Nothing except the pictures should be left out when you reproduce the listing exactly.

§ **Data**:
------------

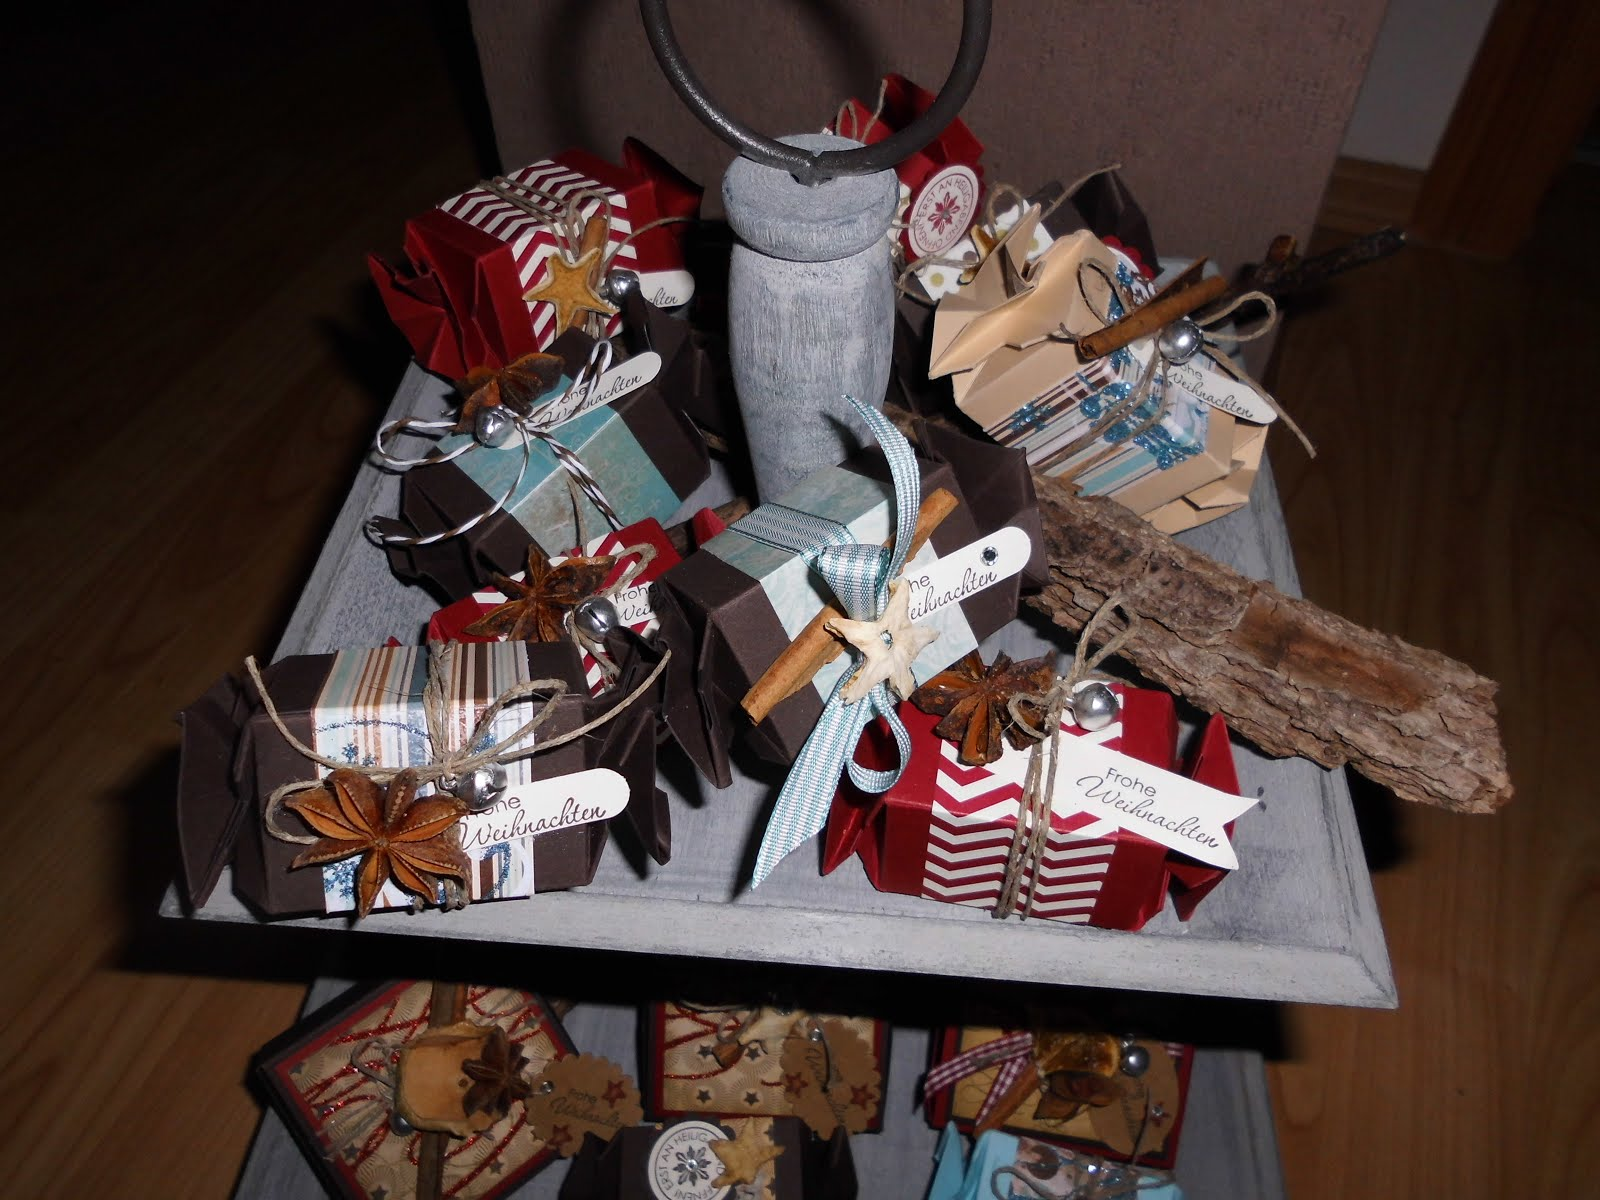 tanjas kreativecke jede menge weihnachtliche. Black Bedroom Furniture Sets. Home Design Ideas
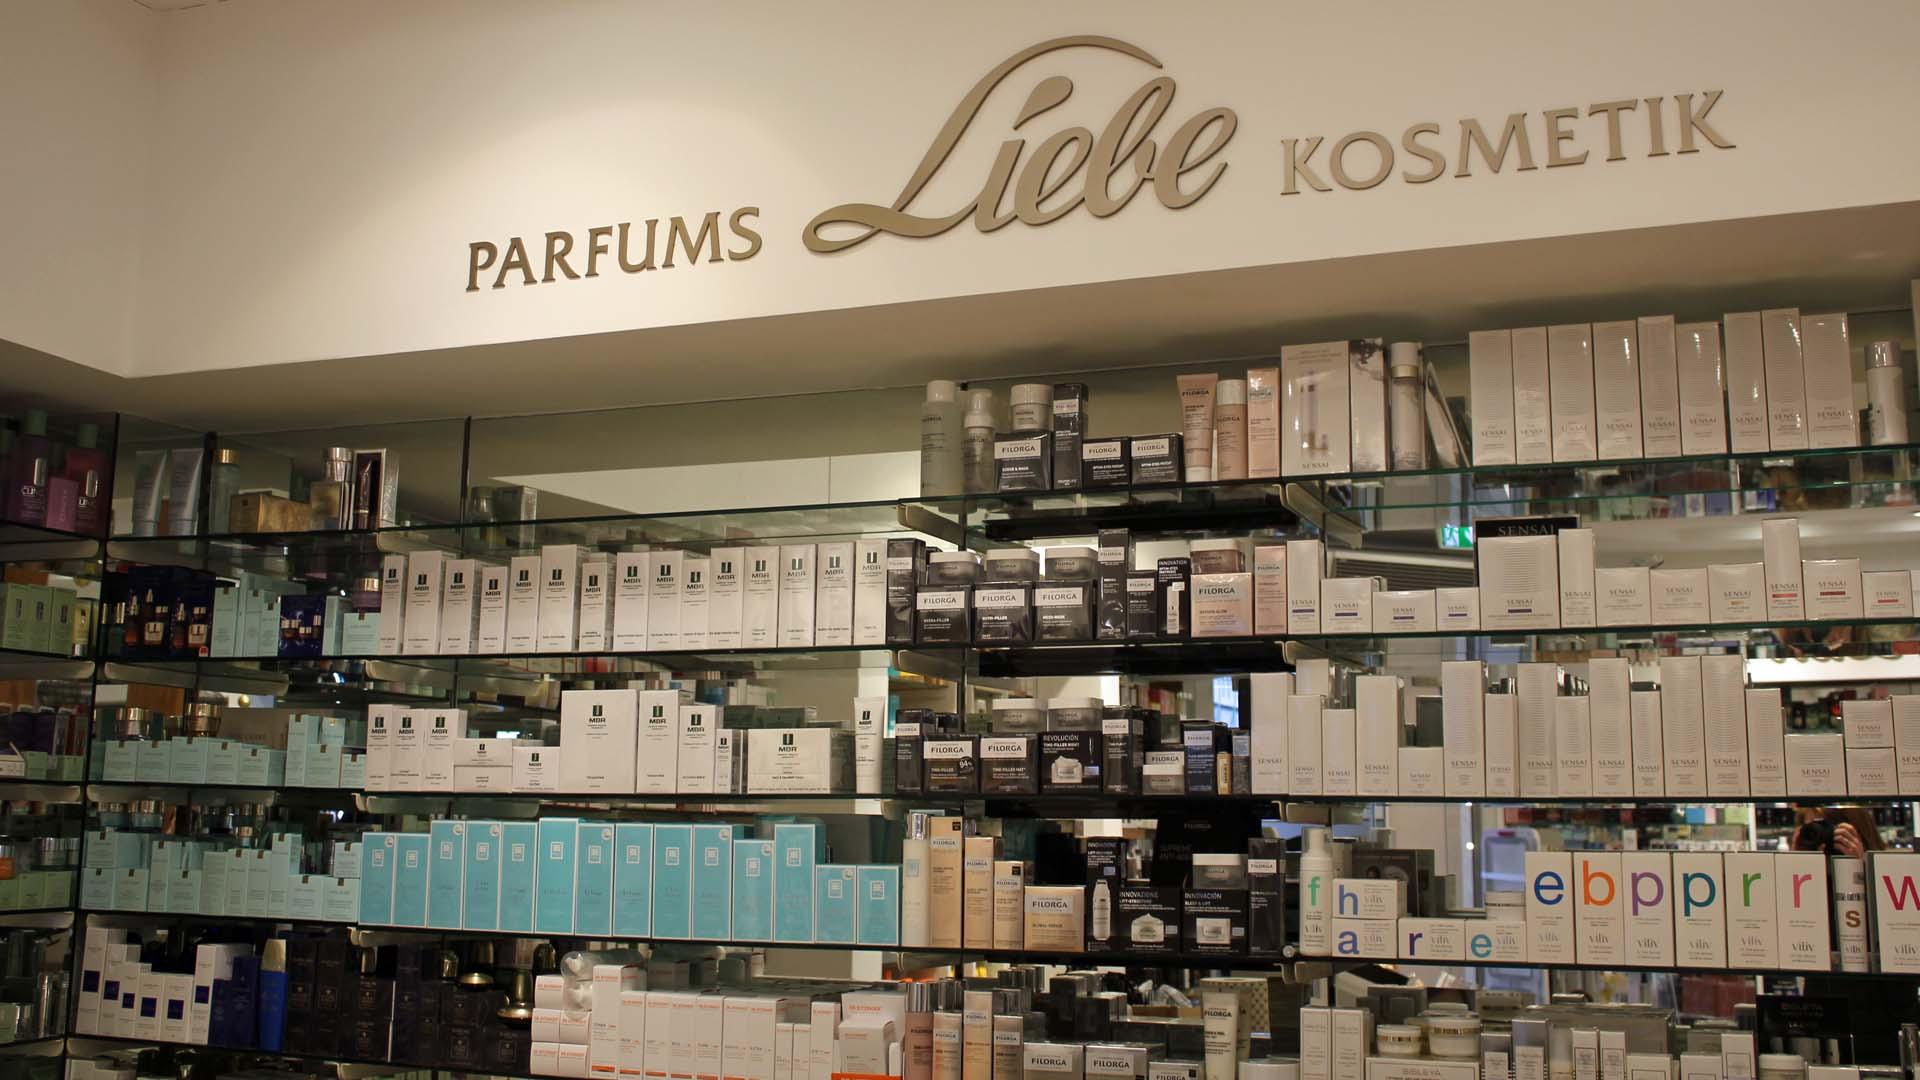 celle-parfums-kosmetik-liebe-3.jpg
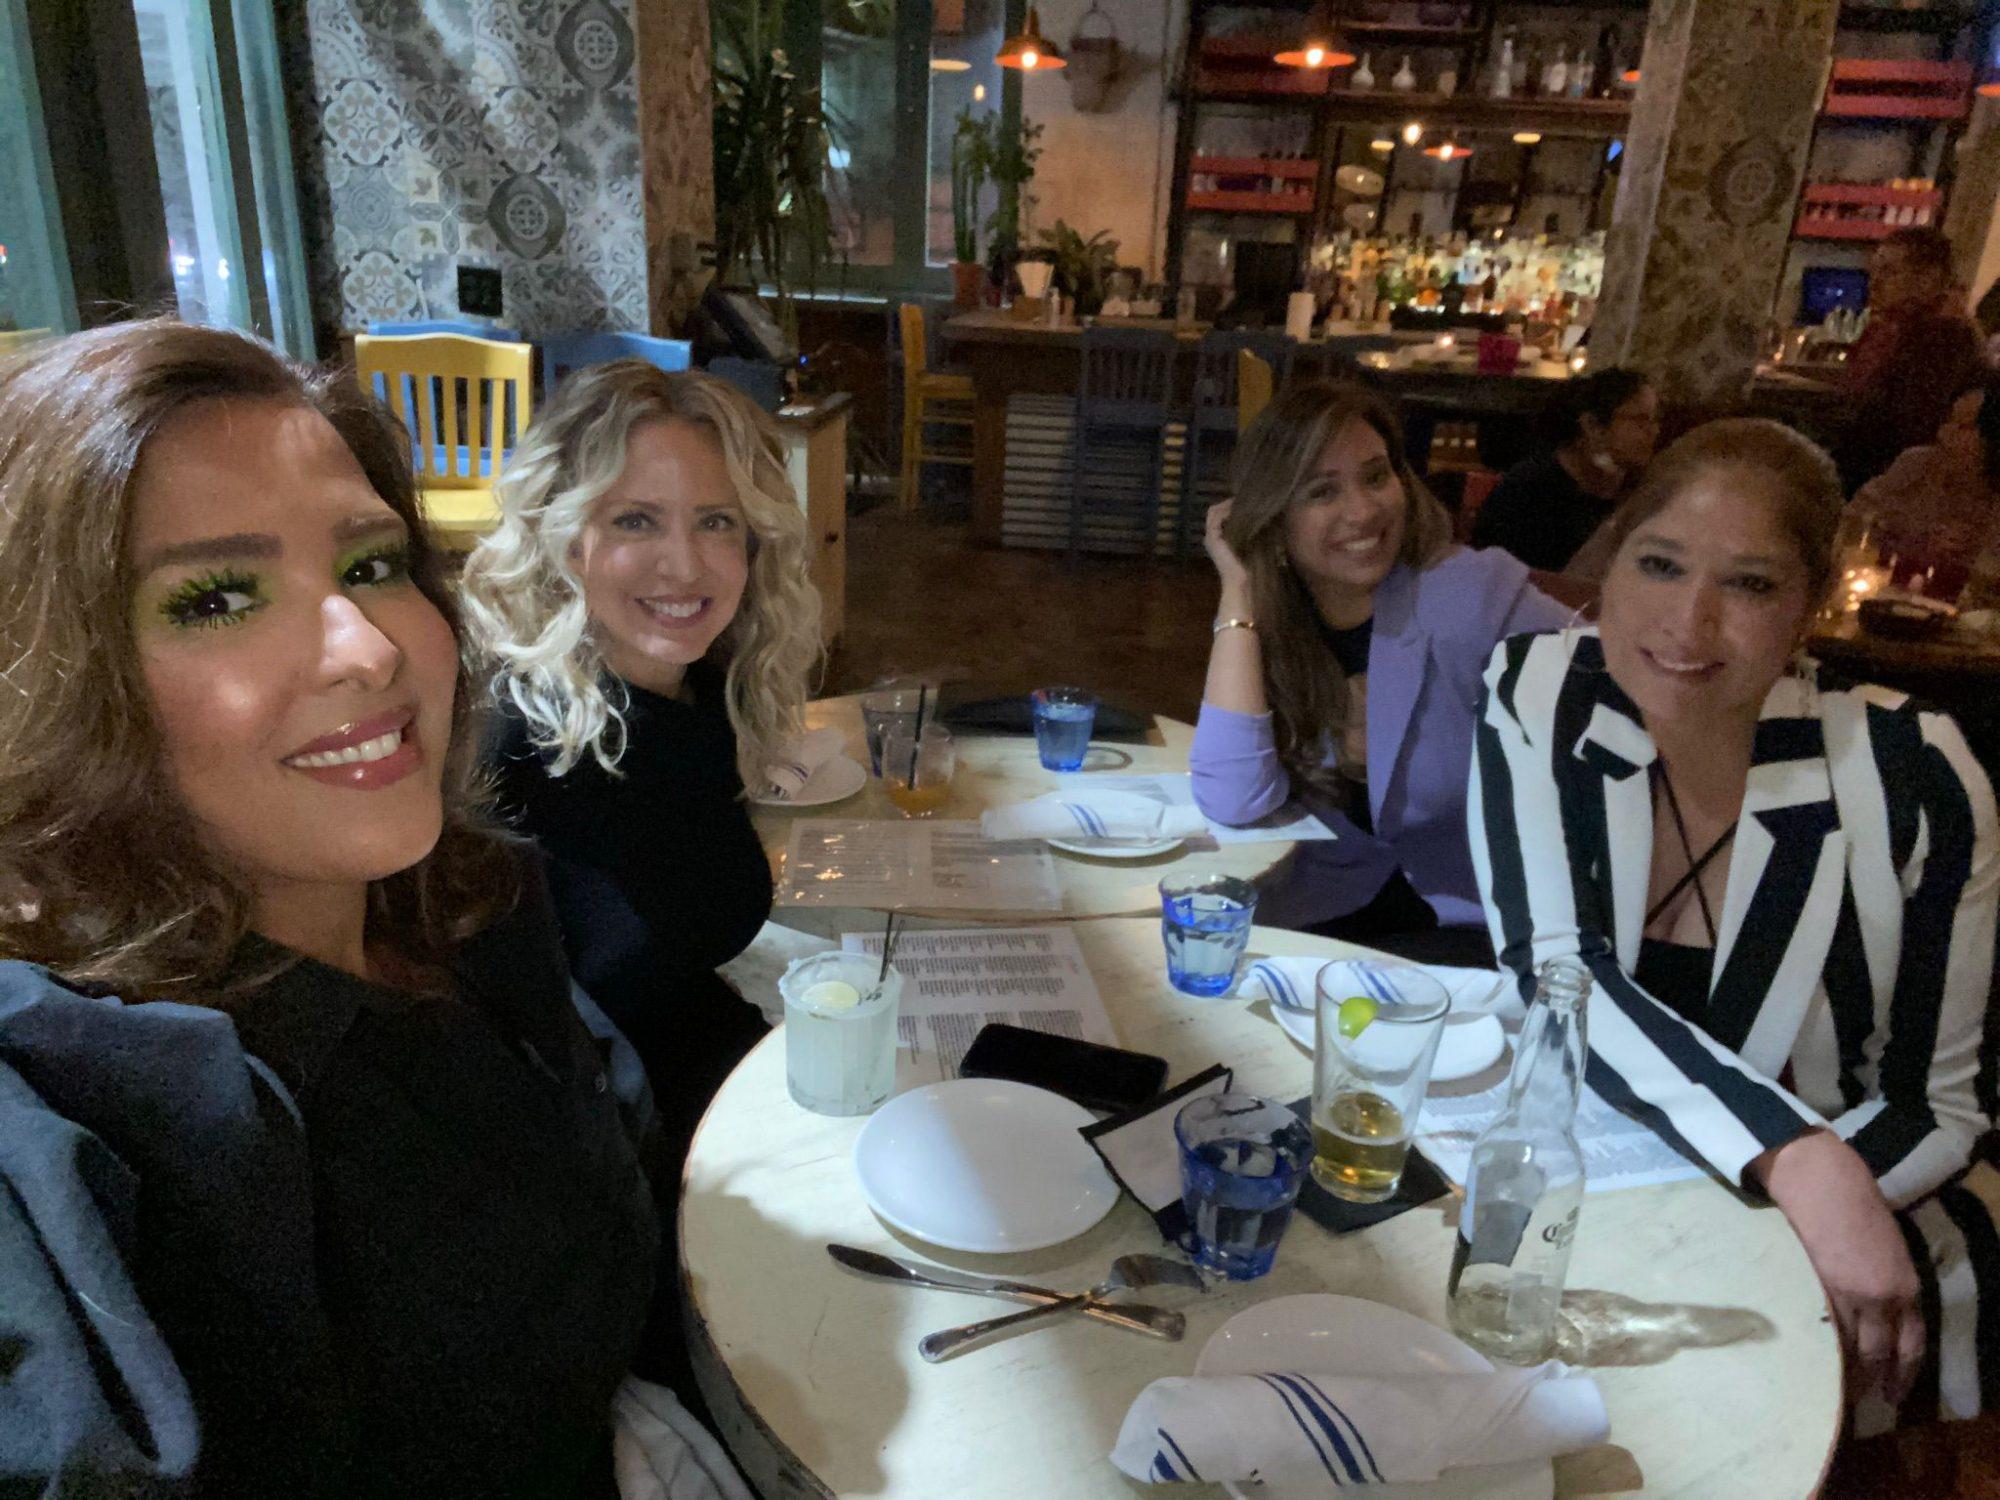 Momento L'Oréal Yolaine cena con amigas

------------

§ **Your solution**:
 tanjas kreativecke jede menge weihnachtliche. Black Bedroom Furniture Sets. Home Design Ideas
 celle-parfums-kosmetik-liebe-3.jpg
 Momento L'Oréal Yolaine cena con amigas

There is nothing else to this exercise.